I launched Nashville Cream 10 years ago last month, and when the blog’s current shepherd — Scene music editor Adam Gold — asked me to write about it, I actually winced. I’m glad it’s lasted this long, but truth be told, I wanted to murder that bastard child at least once a week from 2006 to 2008, when I was in charge. Why? Because blogs are a pain in the ass. Always were, always will be. Ask anyone who’s ever had to feed that content beast and face down the trolls who encamp themselves in the comments section.
Nashville Cream started off as a dream of arrogance — that the local rock scene at the time, full of incredibly talented but unsigned bands that no one gave a shit about, was worth covering every single day. Maybe even multiple times a day! With posts about their actual lives!
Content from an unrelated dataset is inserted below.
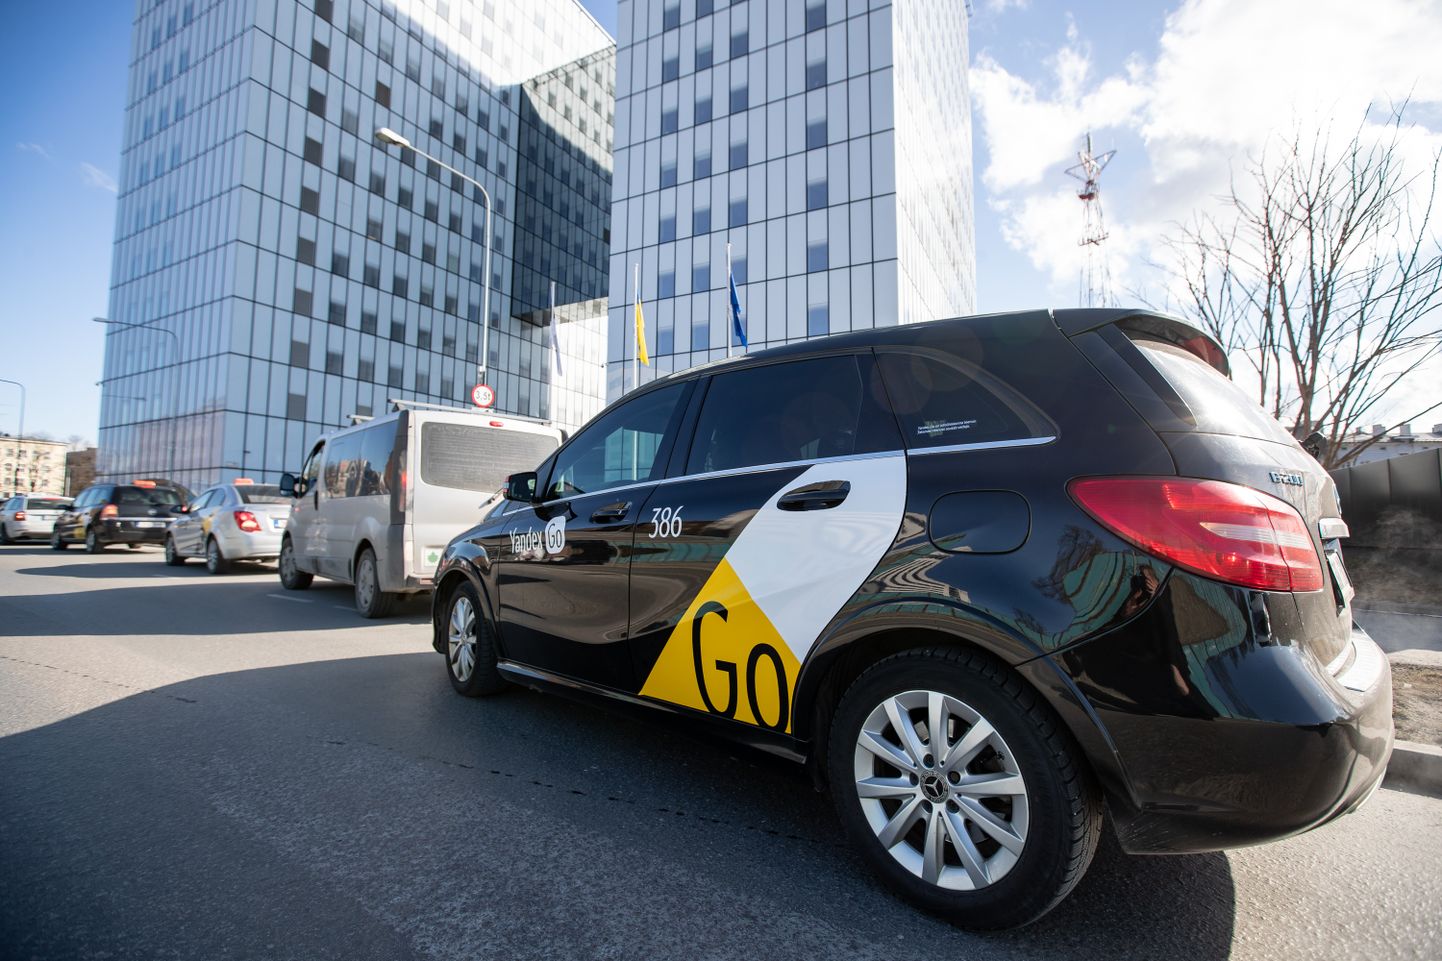 Yandexi taksojuhid korraldasid mullu 1. aprillil Tallinnas superministeeriumi ees ettevõtte tegevuse keelustamise vastu  meeleavalduse.

When I pitched Liz Garrigan, the Scene’s editor-in-chief at the time, on the idea of a music blog in which we could snark peanut-gallery-style about rock-scene happenings and hot goss (like, for instance, sightings of Features singer Matt Pelham at MacAuthority or Murfreesboro pop-punk almost-heroes Feable Weiner changing their proto-Diarrhea Planet band name) and write about the everyday weird stuff that illuminated life in a thriving, competitive rock scene, she nixed it immediately. Her reason: She admittedly didn’t really get it, and didn’t really think it was necessary. We had a music section after all. It sounded like we’d be posting pretty trivial stuff, in her view.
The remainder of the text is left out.